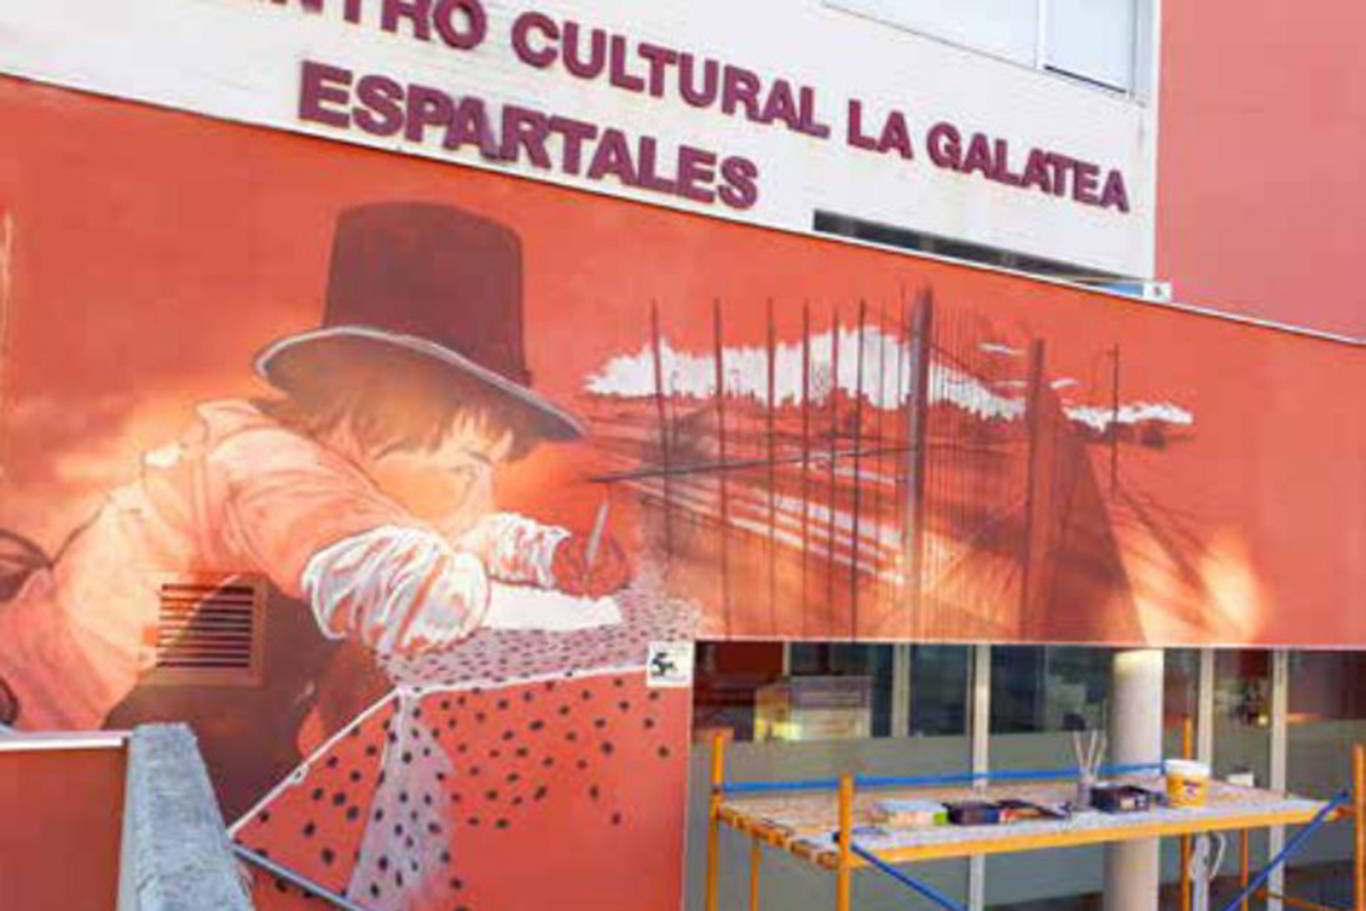 mural_galatea
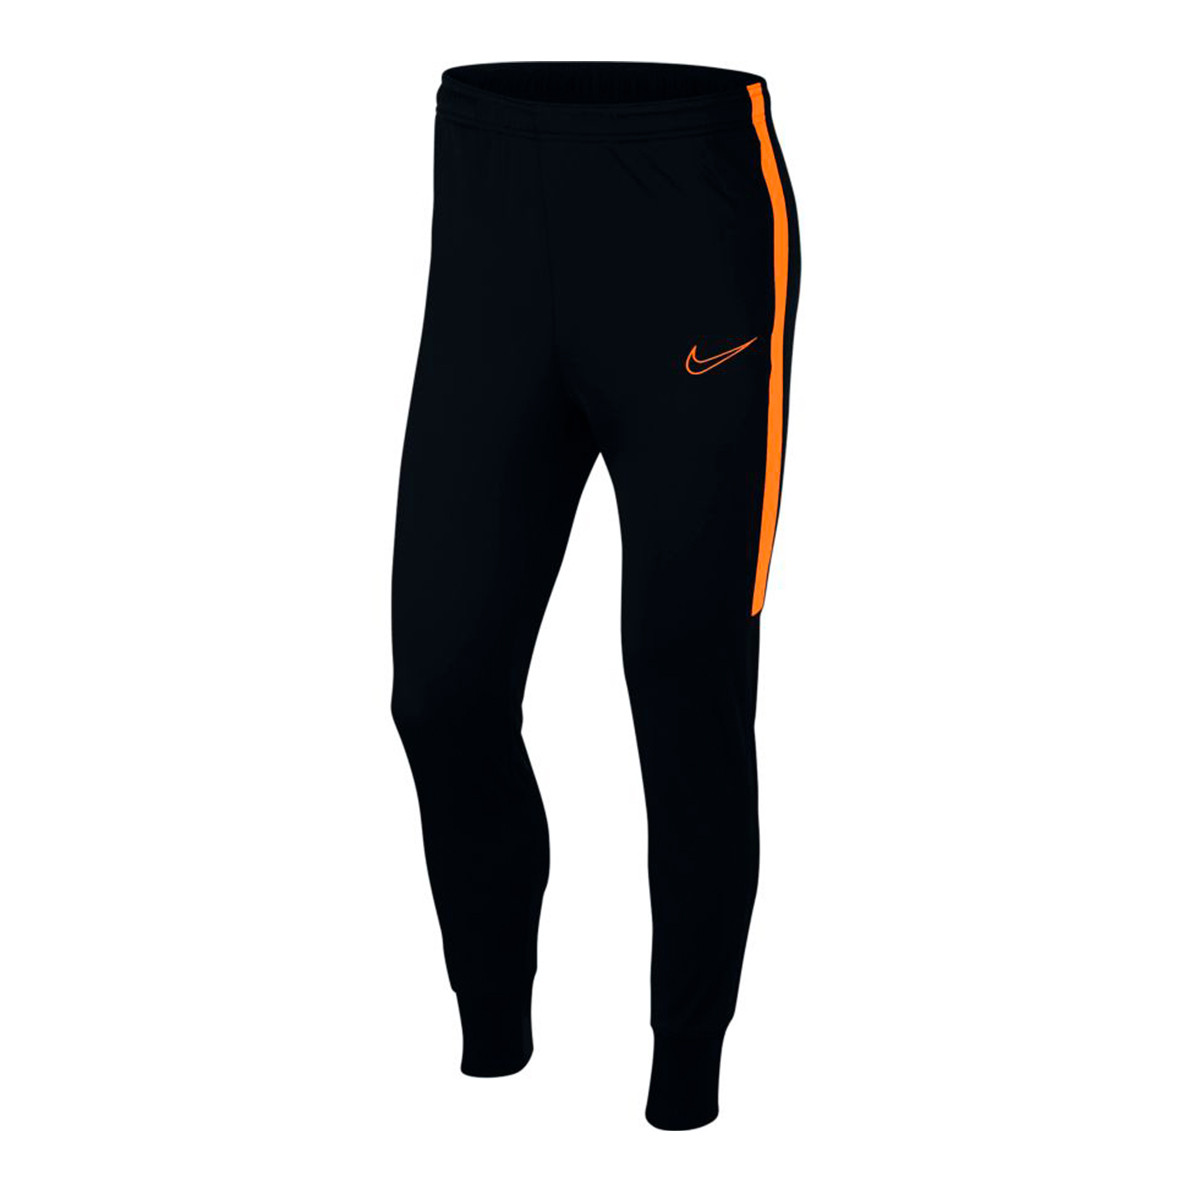 black and orange nike pants
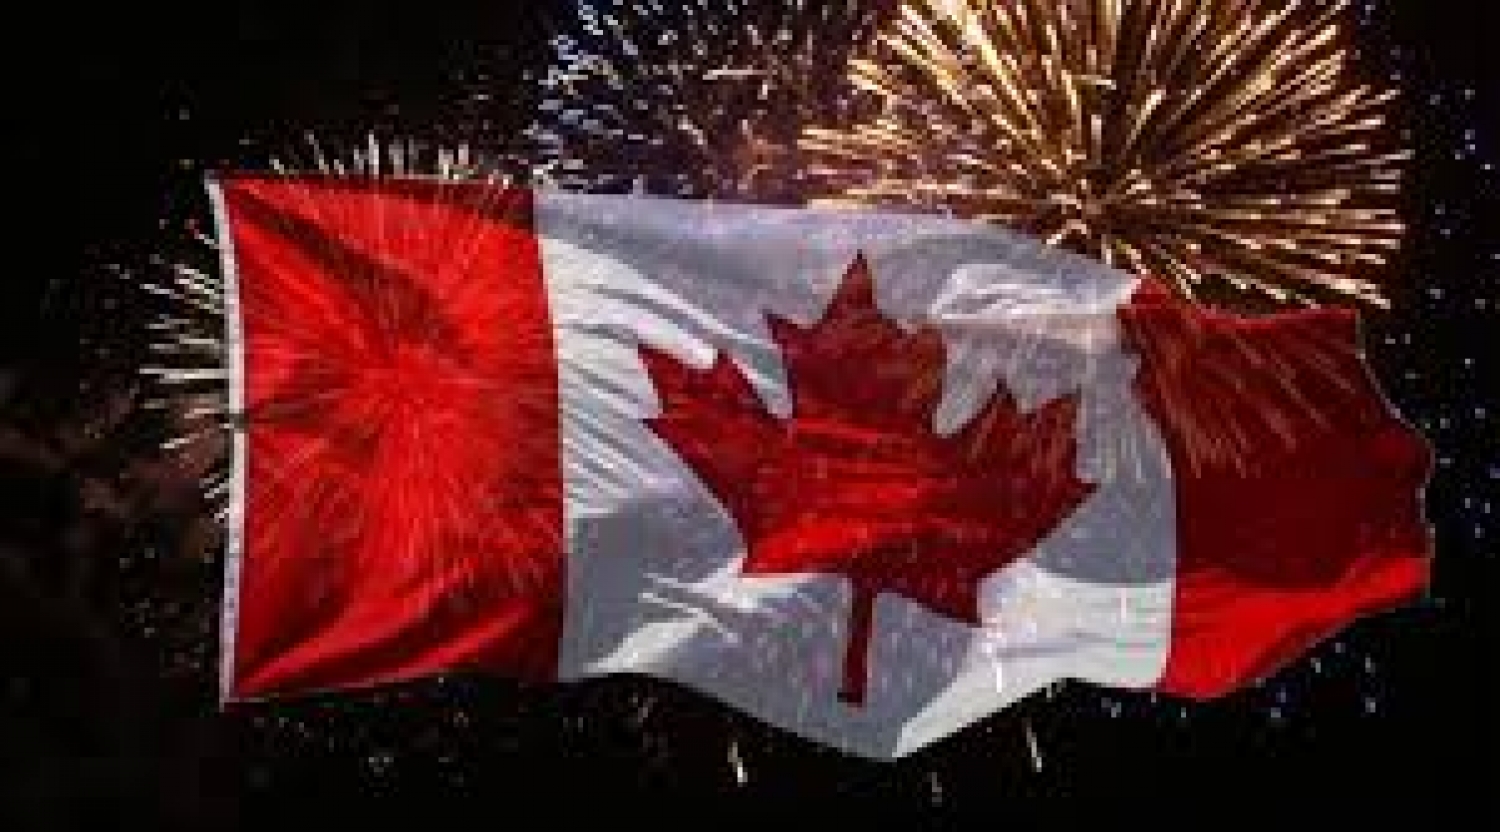 Canada Day Events in Regina - July 1, 2022
--------------------
▶ **PROBLEM REQUIREMENTS**
Transcribe the whole listing exactly as it stands, apart from the pictures.

▶ **WRITTEN RESPONSE**
 mural_galatea
 black and orange nike pants
 Canada Day Events in Regina - July 1, 2022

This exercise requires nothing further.